Por isso o catolicismo, ao constituir uma cultura, dá forma a uma civilização drapeada - para voltar ao termo adotado por Rossellini -, que se adapta às formas e necessidades integrais do homem incluindo suas oscilações, fraquezas e falibilidade. É a civilização de homens que não perdem de vista o fato do pecado original, pesado fardo a ser carregado, difícil e doloroso, fonte de sofrimentos, mas também o que torna o coração contrito, e humilde a alma diante de Deus, que se compadece e não nos ignora. É uma cultura que se opõe com veemência a qualquer projeto de sociedade que, deturpando sua compreensão da natureza humana, vise a aperfeiçoar o homem racionalmente, como se nosso aperfeiçoamento fosse irrestrito e não encontrasse em algum momento um obstáculo irreversível, só transponível com a graça de Deus, e de modo algum pelo próprio esforço. Que rejeita a propaganda massiva e a engenharia social perversa e antiética que quer adaptar o homem, à força se necessário, às finalidades técnicas e econômicas da máquina.
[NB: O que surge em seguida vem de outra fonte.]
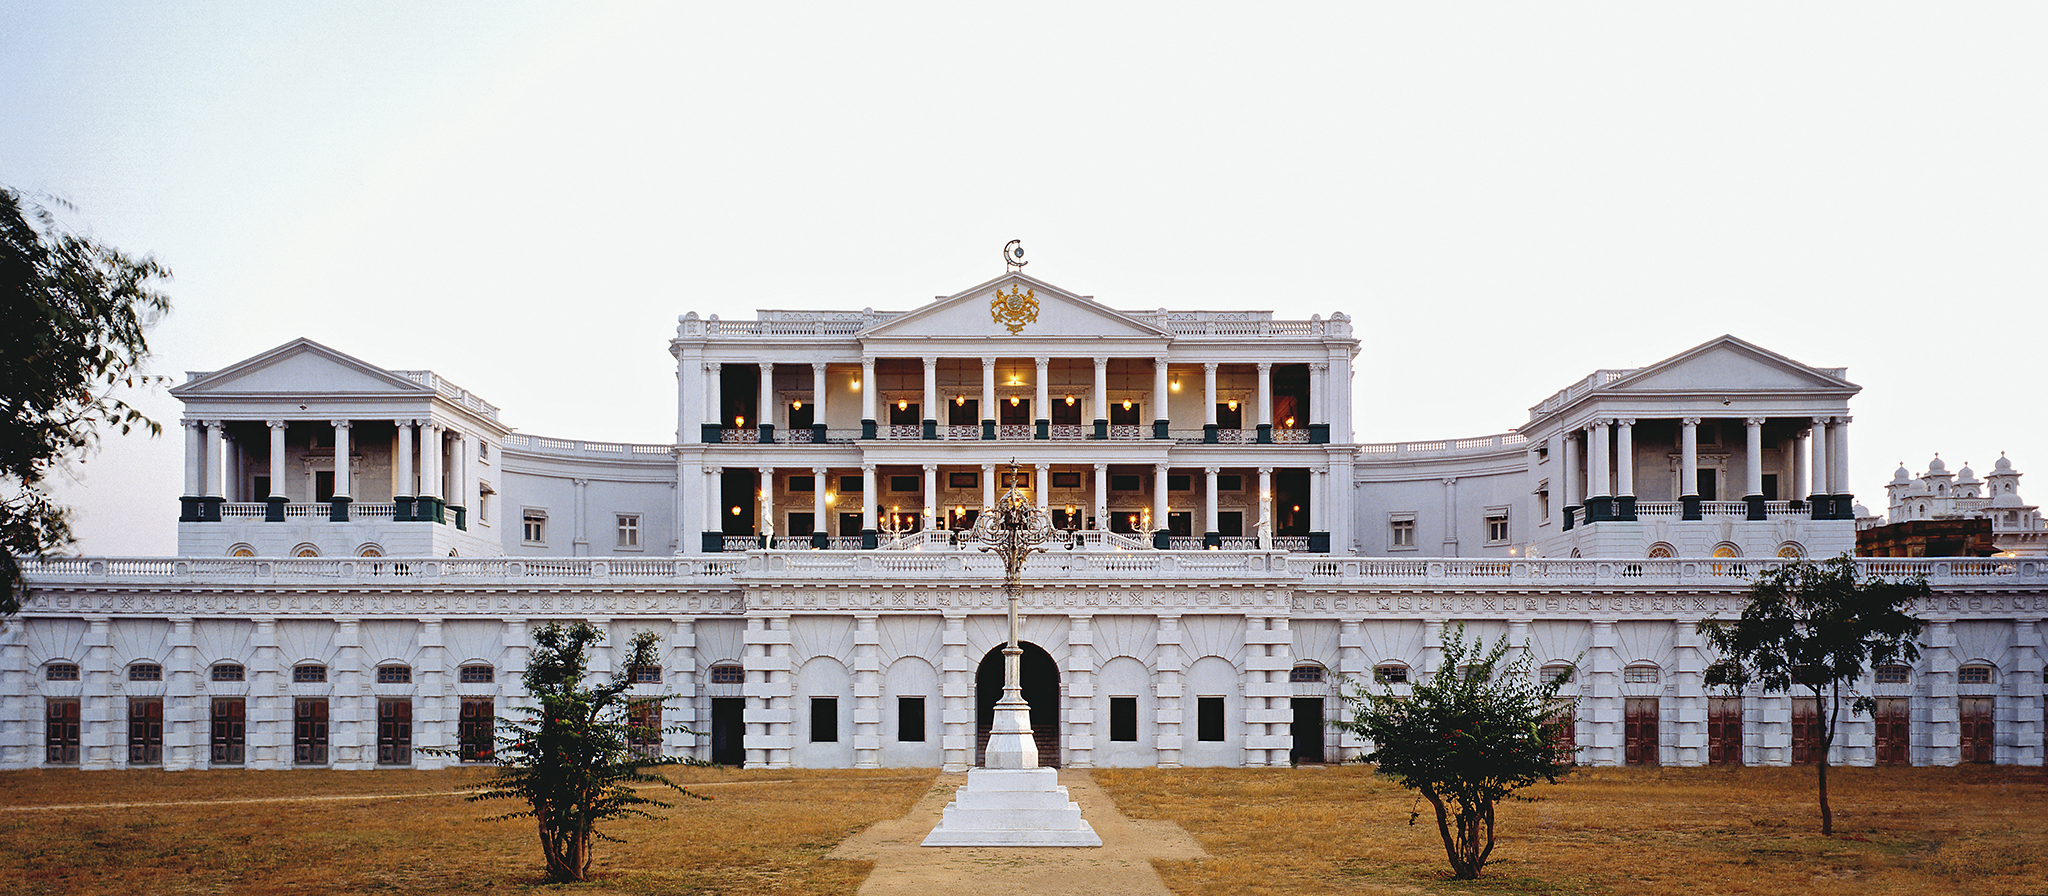 falaknuma palace pre wedding destinations india

Rossellini, iniciando sua atividade cultural mais influente mais ou menos de onde Bernanos parou, como que deu a mão ao escritor na firme denúncia da organização racional da sociedade moderna, saindo em defesa de uma antiga civilização ameaçada de extinção e que mantinha em mente que o sábado foi feito para o homem, e não o homem para o sábado - trecho neotestamentário que o diretor citou em muitas de suas entrevistas. Bernanos também, em suas conferências, observava que a civilização da máquina não foi feita para o homem, mas, ao invés disso, “pretende fazer o homem à sua imagem e semelhança, usurpando o poder de Deus”. O diretor de Onde Está a Liberdade (1954) dizia: “eu encontro no cristianismo uma força imensa: é que, nele, a liberdade é absoluta”. E o autor de Liberdade, para quê? (1947) afirmava que um “ideal de liberdade” - gravemente ameaçado na civilização da máquina e da eficácia - “constitui a principal herança das antigas cristandades europeias”…
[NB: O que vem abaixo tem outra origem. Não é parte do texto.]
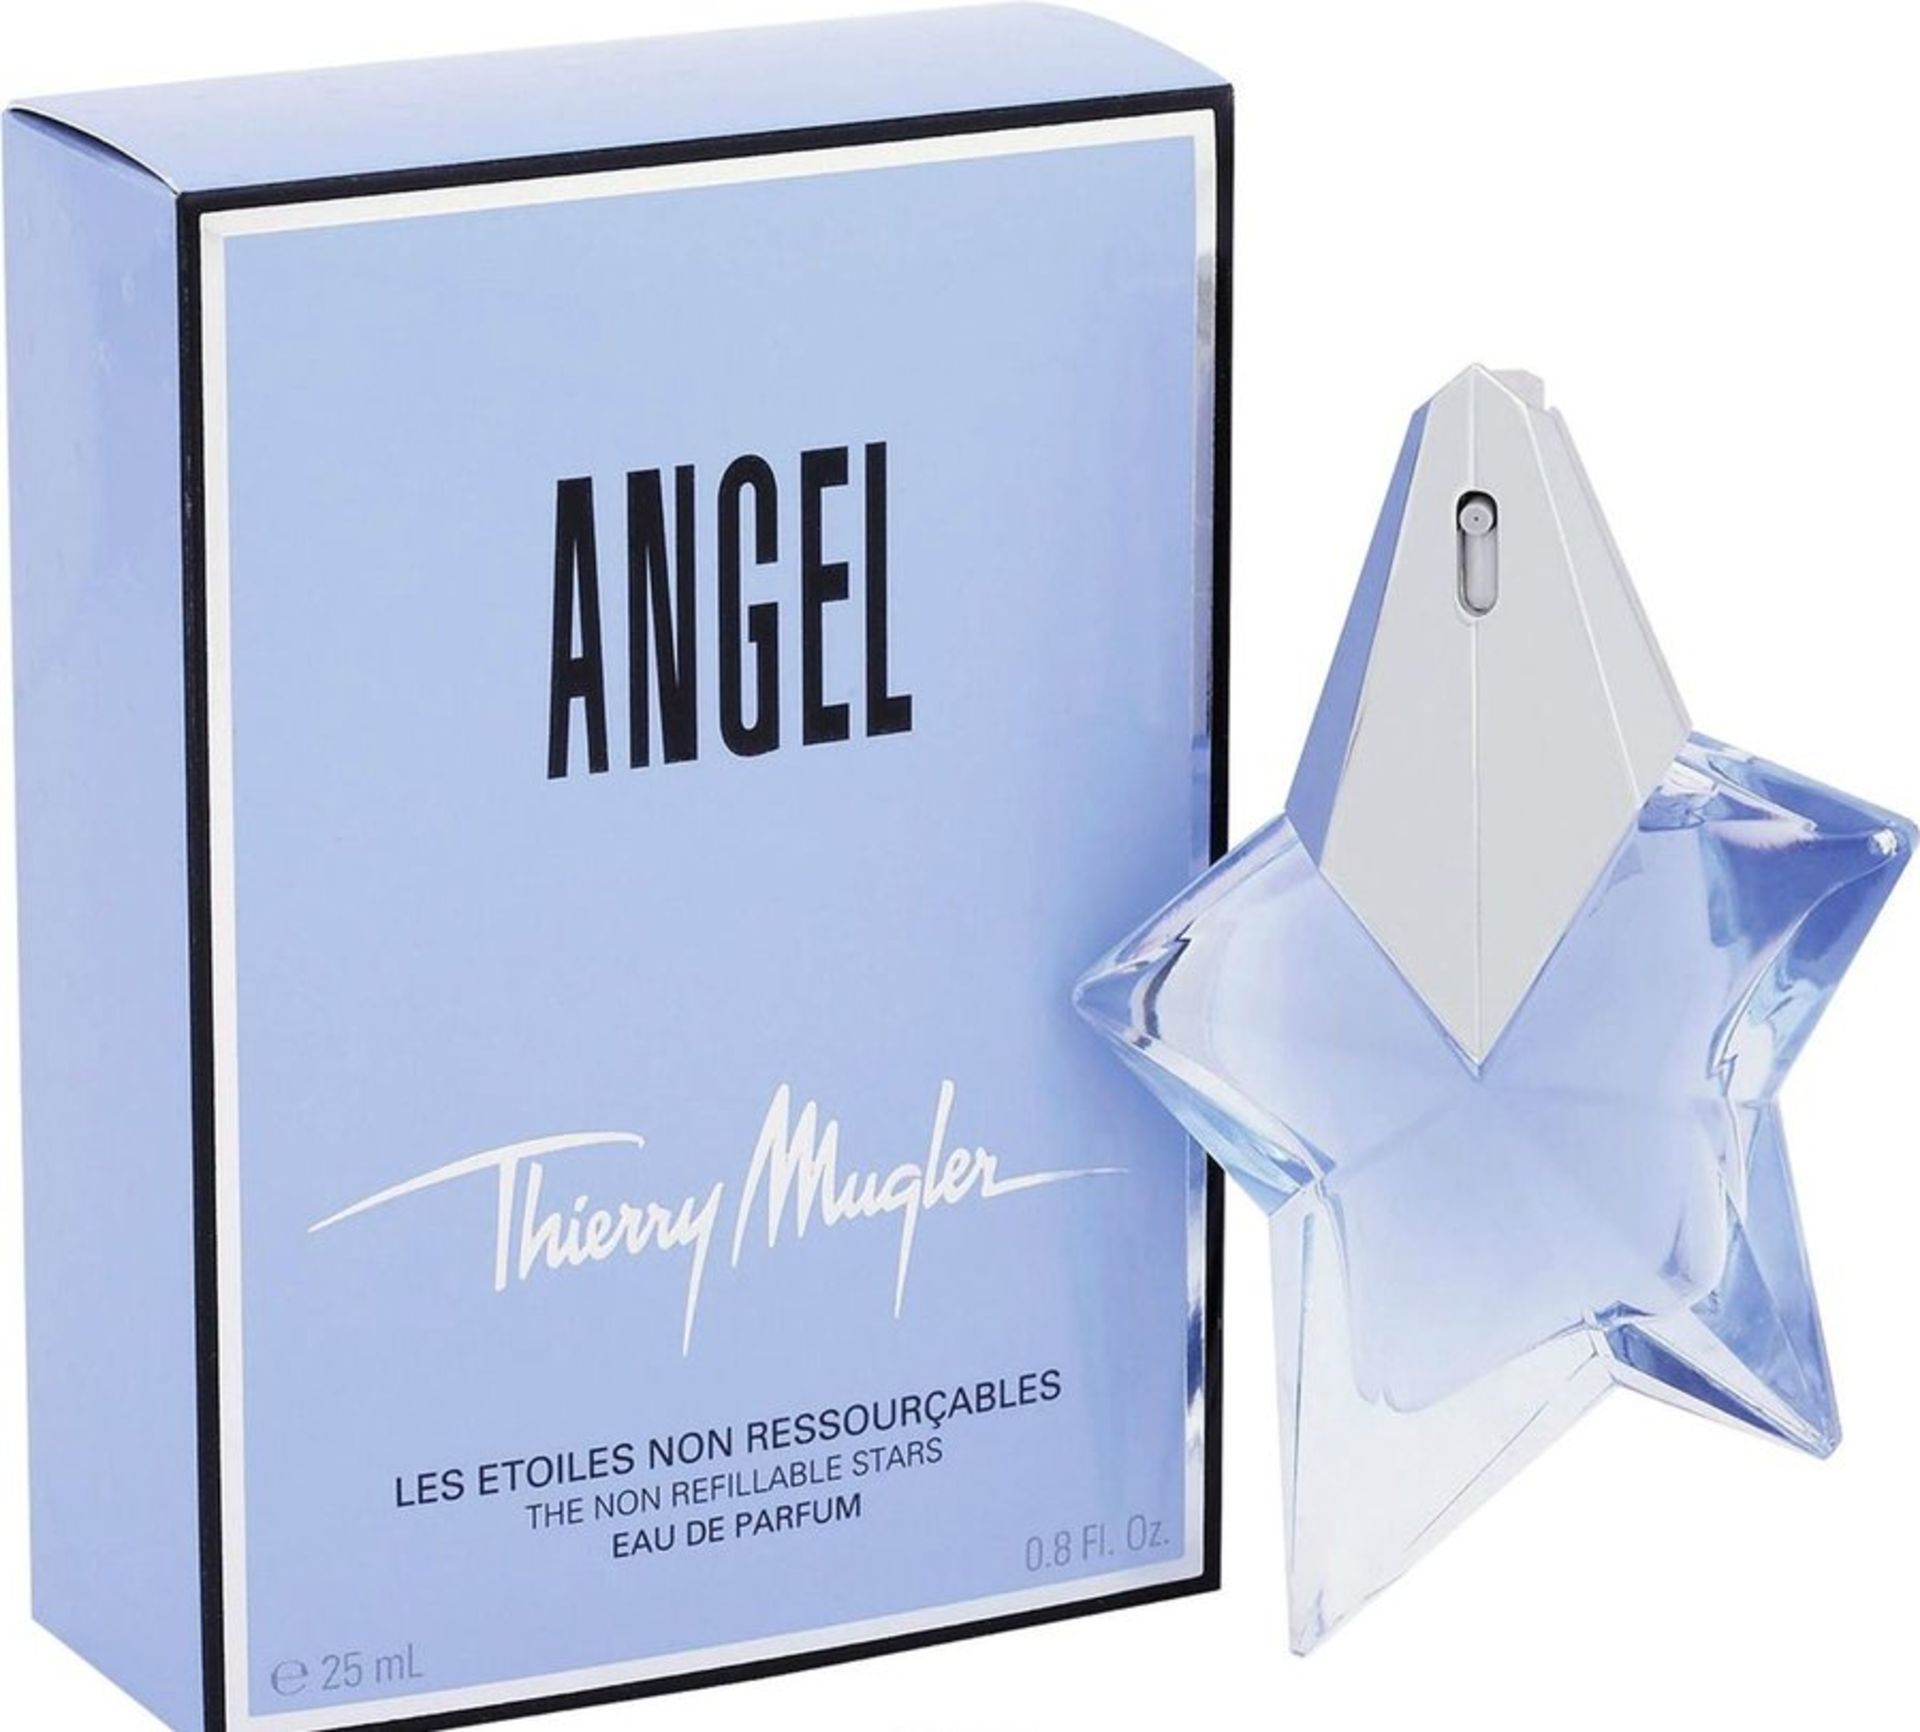 V Brand New Thierry Mugler Angel 25ml EDP Spray Refillable

Hoje, quando o costurado é uma realidade triunfante que controla o mais ínfimo movimento humano feito em todo o globo, onde quer que haja alguém se movendo e respirando, é urgente que aprendamos algo com esses grandes homens, cujas obras e palavras são densos repositórios das experiências de vida de uma geração - não tão antiga assim, mas que, infelizmente, ficou no passado - que ainda estava enraizada em uma espontânea cultura católica que corria no sangue, entranhada nos maneiras de uma parte da civilização ocidental no século XX, em suas formas, em seu modo de viver, e cujo coração ainda pulsava mais espontaneamente nos ritmos do drapeado, mais alinhado aos ritmos da vida, e não da máquina… Que não apenas admiremos suas obras e palavras, mas que absorvamos destas algo do temperamento dos seus autores, de sua serenidade e de sua coragem, de seu intransigente compromisso com a verdade diante das imposturas e experimentos do mundo moderno, que Bernanos definia como uma “conspiração universal e sistemática contra a vida interior”…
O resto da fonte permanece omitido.